▶ _Task prompt_
Output, without alteration, the first line of the entries and each line after it, stopping with the line that contains "6612-32061 Brake Rotors".

▶ _Records supplied_
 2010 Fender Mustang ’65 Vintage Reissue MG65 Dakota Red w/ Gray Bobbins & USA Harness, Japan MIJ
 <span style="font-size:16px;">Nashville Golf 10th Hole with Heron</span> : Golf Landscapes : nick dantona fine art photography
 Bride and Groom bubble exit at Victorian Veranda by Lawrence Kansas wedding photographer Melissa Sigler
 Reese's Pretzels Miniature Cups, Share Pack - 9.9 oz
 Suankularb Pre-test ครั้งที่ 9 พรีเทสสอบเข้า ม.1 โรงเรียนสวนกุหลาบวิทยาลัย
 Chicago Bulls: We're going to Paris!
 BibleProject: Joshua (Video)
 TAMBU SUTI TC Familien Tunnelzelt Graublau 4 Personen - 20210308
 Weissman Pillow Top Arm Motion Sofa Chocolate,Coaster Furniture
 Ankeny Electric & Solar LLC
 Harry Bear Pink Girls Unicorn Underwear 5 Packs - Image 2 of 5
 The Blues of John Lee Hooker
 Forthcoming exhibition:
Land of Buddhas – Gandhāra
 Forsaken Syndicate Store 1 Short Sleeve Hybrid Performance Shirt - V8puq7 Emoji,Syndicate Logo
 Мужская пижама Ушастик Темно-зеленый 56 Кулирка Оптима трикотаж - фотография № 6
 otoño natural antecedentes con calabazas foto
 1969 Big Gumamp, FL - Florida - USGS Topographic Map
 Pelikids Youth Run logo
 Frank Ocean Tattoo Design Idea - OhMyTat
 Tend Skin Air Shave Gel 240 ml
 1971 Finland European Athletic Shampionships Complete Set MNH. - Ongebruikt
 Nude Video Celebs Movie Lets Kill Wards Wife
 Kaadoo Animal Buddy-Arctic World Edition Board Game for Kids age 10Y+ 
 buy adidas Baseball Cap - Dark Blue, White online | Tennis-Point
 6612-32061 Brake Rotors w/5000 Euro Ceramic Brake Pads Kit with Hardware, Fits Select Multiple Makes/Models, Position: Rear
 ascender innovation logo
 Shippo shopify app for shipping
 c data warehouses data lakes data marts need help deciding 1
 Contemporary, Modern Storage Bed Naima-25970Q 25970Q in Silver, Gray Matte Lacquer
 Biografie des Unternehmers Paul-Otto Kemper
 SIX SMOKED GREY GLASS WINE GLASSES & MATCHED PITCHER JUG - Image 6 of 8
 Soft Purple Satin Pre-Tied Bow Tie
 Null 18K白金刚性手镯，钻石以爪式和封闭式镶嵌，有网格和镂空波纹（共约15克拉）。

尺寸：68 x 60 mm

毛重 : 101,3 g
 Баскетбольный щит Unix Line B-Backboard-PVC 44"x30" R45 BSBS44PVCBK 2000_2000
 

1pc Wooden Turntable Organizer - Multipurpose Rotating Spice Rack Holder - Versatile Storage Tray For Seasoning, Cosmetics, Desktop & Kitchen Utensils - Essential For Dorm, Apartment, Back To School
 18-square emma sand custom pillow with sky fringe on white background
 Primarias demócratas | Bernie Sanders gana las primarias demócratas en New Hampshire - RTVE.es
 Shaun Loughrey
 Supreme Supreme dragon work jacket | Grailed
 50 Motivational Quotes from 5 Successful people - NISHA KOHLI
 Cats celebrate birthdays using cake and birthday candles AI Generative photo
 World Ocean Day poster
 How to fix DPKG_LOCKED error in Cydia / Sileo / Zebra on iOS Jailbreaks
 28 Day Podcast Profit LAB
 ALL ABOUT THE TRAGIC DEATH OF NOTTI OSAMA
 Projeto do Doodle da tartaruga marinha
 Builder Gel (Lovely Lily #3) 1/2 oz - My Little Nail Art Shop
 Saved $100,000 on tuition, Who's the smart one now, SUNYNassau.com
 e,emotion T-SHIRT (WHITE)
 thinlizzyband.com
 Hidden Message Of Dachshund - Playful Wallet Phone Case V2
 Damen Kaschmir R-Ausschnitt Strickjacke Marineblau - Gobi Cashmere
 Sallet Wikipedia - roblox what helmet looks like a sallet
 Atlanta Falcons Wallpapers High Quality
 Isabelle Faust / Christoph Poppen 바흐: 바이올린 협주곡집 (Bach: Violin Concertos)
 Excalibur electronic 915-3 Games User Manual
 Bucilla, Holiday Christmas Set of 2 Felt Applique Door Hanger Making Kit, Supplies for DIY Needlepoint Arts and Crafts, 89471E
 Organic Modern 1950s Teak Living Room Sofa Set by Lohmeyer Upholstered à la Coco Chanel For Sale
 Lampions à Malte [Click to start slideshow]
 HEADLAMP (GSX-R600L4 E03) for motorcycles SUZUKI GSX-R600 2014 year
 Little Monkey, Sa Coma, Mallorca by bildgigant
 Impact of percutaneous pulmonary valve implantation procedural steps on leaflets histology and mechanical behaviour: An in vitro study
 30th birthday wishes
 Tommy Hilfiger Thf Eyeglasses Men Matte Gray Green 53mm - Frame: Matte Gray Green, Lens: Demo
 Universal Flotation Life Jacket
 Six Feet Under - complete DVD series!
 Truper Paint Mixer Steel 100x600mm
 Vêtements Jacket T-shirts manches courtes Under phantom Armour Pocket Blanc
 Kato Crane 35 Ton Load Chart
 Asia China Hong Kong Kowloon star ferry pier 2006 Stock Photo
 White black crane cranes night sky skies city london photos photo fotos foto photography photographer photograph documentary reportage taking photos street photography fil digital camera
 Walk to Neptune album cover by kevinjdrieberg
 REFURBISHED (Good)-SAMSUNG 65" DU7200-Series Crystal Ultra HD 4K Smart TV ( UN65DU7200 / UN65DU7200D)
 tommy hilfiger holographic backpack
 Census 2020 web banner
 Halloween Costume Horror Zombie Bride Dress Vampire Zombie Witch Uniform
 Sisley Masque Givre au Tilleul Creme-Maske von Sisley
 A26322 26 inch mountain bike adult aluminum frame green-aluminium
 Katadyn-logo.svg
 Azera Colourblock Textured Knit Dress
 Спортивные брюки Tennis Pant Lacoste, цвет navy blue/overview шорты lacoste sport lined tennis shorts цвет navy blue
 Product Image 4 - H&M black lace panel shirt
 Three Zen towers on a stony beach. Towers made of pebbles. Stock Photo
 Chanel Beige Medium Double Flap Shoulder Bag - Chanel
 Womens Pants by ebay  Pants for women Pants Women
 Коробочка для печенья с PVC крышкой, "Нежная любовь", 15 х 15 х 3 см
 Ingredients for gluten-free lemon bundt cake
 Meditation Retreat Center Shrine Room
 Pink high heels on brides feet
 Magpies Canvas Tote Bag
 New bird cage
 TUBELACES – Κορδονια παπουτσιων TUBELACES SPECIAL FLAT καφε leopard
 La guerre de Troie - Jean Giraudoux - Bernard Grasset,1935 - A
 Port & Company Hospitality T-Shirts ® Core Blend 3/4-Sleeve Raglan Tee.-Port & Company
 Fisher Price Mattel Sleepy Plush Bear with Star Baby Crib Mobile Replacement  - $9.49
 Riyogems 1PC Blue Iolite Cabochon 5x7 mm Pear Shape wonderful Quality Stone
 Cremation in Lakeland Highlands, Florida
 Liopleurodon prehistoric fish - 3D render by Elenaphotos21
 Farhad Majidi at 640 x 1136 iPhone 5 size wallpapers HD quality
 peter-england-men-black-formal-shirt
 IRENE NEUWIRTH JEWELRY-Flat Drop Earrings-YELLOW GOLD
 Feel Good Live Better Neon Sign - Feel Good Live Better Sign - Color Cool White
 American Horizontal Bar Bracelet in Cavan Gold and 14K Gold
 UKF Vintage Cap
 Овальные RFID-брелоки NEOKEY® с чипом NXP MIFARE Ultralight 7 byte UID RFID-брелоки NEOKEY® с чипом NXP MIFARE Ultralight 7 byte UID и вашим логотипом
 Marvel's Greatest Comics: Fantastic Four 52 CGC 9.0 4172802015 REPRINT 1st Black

▶ _Exercise output_
 2010 Fender Mustang ’65 Vintage Reissue MG65 Dakota Red w/ Gray Bobbins & USA Harness, Japan MIJ
 <span style="font-size:16px;">Nashville Golf 10th Hole with Heron</span> : Golf Landscapes : nick dantona fine art photography
 Bride and Groom bubble exit at Victorian Veranda by Lawrence Kansas wedding photographer Melissa Sigler
 Reese's Pretzels Miniature Cups, Share Pack - 9.9 oz
 Suankularb Pre-test ครั้งที่ 9 พรีเทสสอบเข้า ม.1 โรงเรียนสวนกุหลาบวิทยาลัย
 Chicago Bulls: We're going to Paris!
 BibleProject: Joshua (Video)
 TAMBU SUTI TC Familien Tunnelzelt Graublau 4 Personen - 20210308
 Weissman Pillow Top Arm Motion Sofa Chocolate,Coaster Furniture
 Ankeny Electric & Solar LLC
 Harry Bear Pink Girls Unicorn Underwear 5 Packs - Image 2 of 5
 The Blues of John Lee Hooker
 Forthcoming exhibition:
Land of Buddhas – Gandhāra
 Forsaken Syndicate Store 1 Short Sleeve Hybrid Performance Shirt - V8puq7 Emoji,Syndicate Logo
 Мужская пижама Ушастик Темно-зеленый 56 Кулирка Оптима трикотаж - фотография № 6
 otoño natural antecedentes con calabazas foto
 1969 Big Gumamp, FL - Florida - USGS Topographic Map
 Pelikids Youth Run logo
 Frank Ocean Tattoo Design Idea - OhMyTat
 Tend Skin Air Shave Gel 240 ml
 1971 Finland European Athletic Shampionships Complete Set MNH. - Ongebruikt
 Nude Video Celebs Movie Lets Kill Wards Wife
 Kaadoo Animal Buddy-Arctic World Edition Board Game for Kids age 10Y+ 
 buy adidas Baseball Cap - Dark Blue, White online | Tennis-Point
 6612-32061 Brake Rotors w/5000 Euro Ceramic Brake Pads Kit with Hardware, Fits Select Multiple Makes/Models, Position: Rear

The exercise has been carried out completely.